Gleiser also stands against the militant New Atheists who claim science can explain absolutely everything. In his 35 year career, Gleiser has worked on properties of the early universe, behavior of fundamental particles and the origin of life. Nothing he has seen, however, has convinced him that science can solve every problem or unravel every mystery.
“There is a difference between “science” and what we can call “scientism,” which is the notion that science can solve all problems,” Gleiser said. “We cannot presume that we are going to solve all the problems of the world using a strict scientific approach. It will not be the case, and it hasn’t ever been the case, because the world is too complex, and science has methodological powers as well as methodological limitations.”
This is part of why Gleiser takes issue with the popular idea that science can truly explain the origins of the universe or distill the complexities of existence into a single theory.
“I get upset by misstatements, like when you have scientists—Stephen Hawking and Lawrence Krauss among them—claiming we have solved the problem of the origin of the universe, or that string theory is correct and that the final ‘theory of everything’ is at hand. Such statements are bogus,” Gleiser said. “It is impossible for science to obtain a true theory of everything…The way we acquire information about the world is through measurement. It’s through instruments, right? And because of that, our measurements and instruments are always going to tell us a lot of stuff, but they are going to leave stuff out. And we cannot possibly ever think that we could have a theory of everything, because we cannot ever think that we know everything that there is to know about the universe…Knowledge advances, yes? But it’s surrounded by this ocean of the unknown. The paradox of knowledge is that as it expands and the boundary between the known and the unknown changes, you inevitably start to ask questions that you couldn’t even ask before.”
In fact, Gleiser sees such attempts as nothing more than a way to try and turn science into an actual religion. “It is the blank statement that there could ever be a theory of everything that I think is fundamentally wrong from a philosophical perspective. This whole notion of finality and final ideas is, to me, just an attempt to turn science into a religious system, which is something I disagree with profoundly,” Gleiser said. “To say that science has all the answers, to me is just nonsense…I’m not going to lie about what science can and cannot do because politicians are misusing science and trying to politicize the scientific discourse. I’m going to be honest about the powers of science so that people can actually believe me for my honesty and transparency.
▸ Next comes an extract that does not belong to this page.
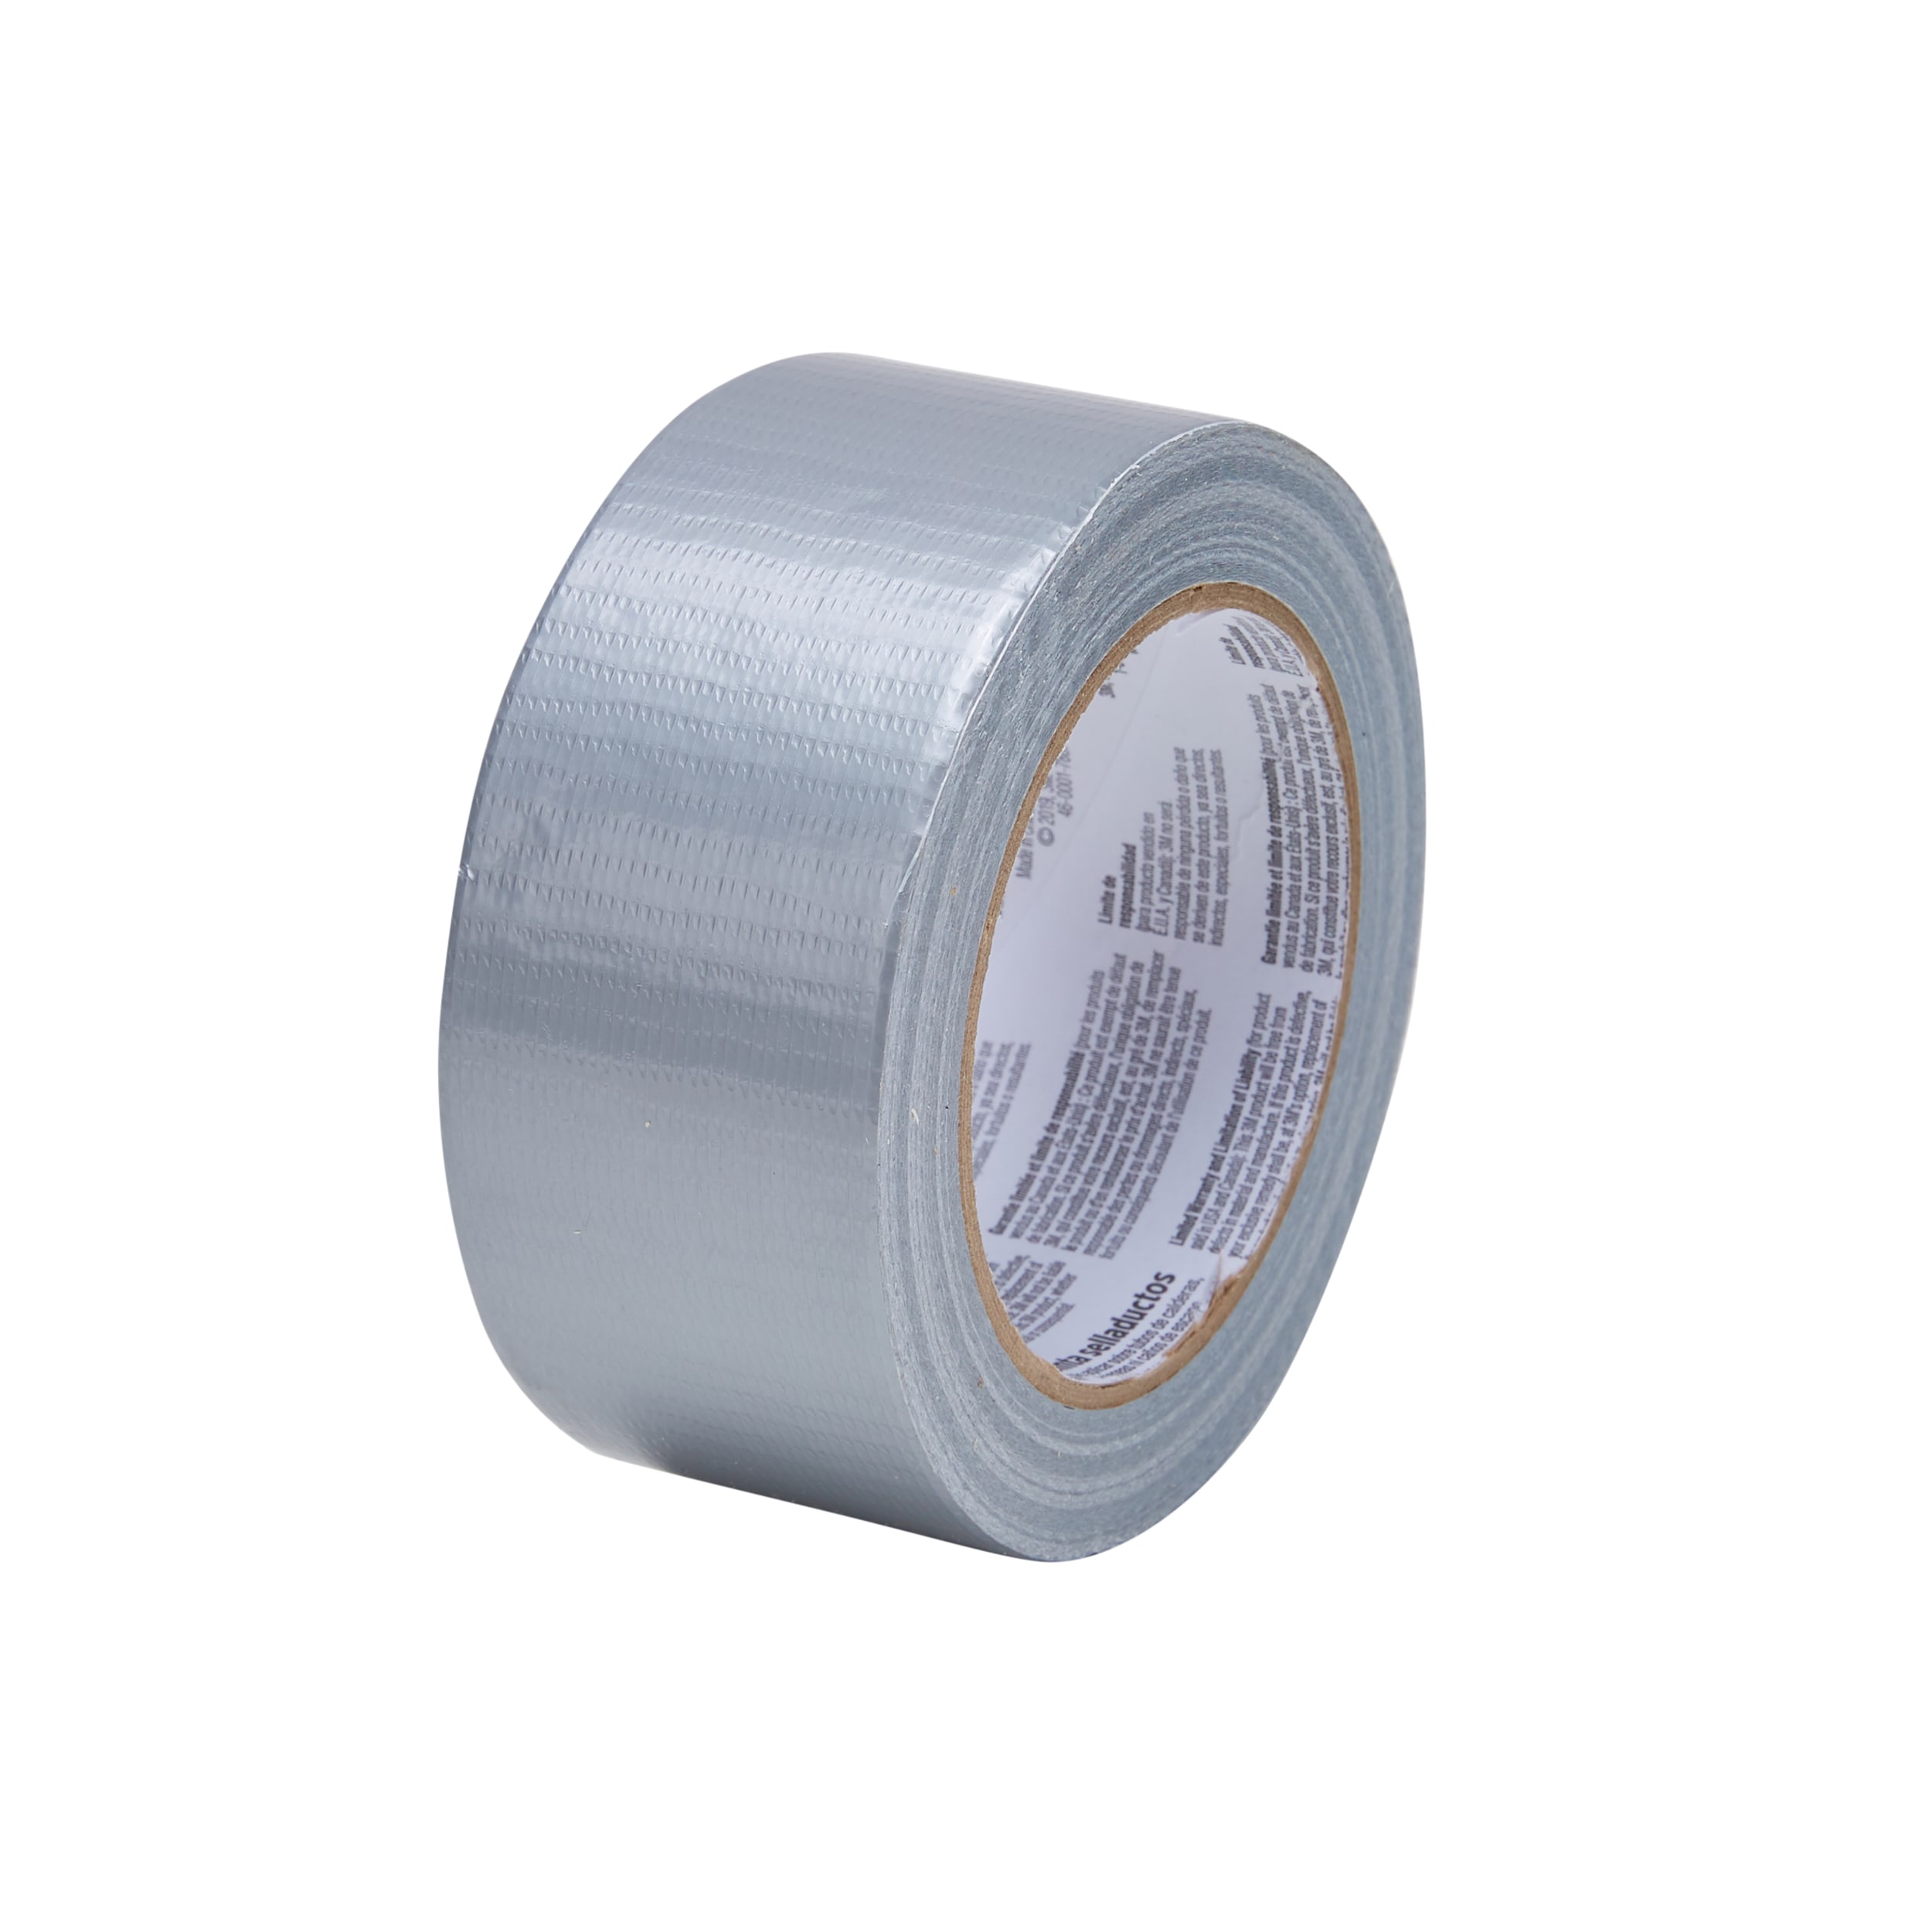 K Tool 73560 Duct Tape, 2 x 60 Yards, All Purpose, Gray, Sold  Individually, Made in U.S.A.

If you don’t want to be honest and transparent, you’re just going to become a liar like everybody else… I feel as if I am a guardian for the integrity of science right now; someone you can trust because this person is open and honest enough to admit that the scientific enterprise has limitations—which doesn’t mean it’s weak!”
Rather than bowing to politicians or attempting to become a pseudo-religion, Gleiser argues that scientists should be “people who keep curiosity burning, trying to find answers to some of the questions they asked as children.” Encouraging and growing curiosity, to Gleiser, is one of the most important responsibilities of science.
“I don’t want to discourage people from looking for unified explanations of nature…A lot of physics is based on this drive to simplify and bring things together,” Gleiser said. “So then how do you go ahead and justify doing research if you don’t think you can get to the final answer? Well, because research is not about the final answer, it’s about the process of discovery. It’s what you find along the way that matters, and it is curiosity that moves the human spirit forward.”
This echoes what George Bernard Shaw famously proclaimed while toasting Albert Einstein. “Science is always wrong. It never solves a problem without creating 10 more.” For real scientists, that is one of the most exciting facts about their jobs. There is always another paradox to unravel, another question to answer, another mystery to solve. There is always something more to learn, and scientists could never ask for anything better than yet more things to make them curious.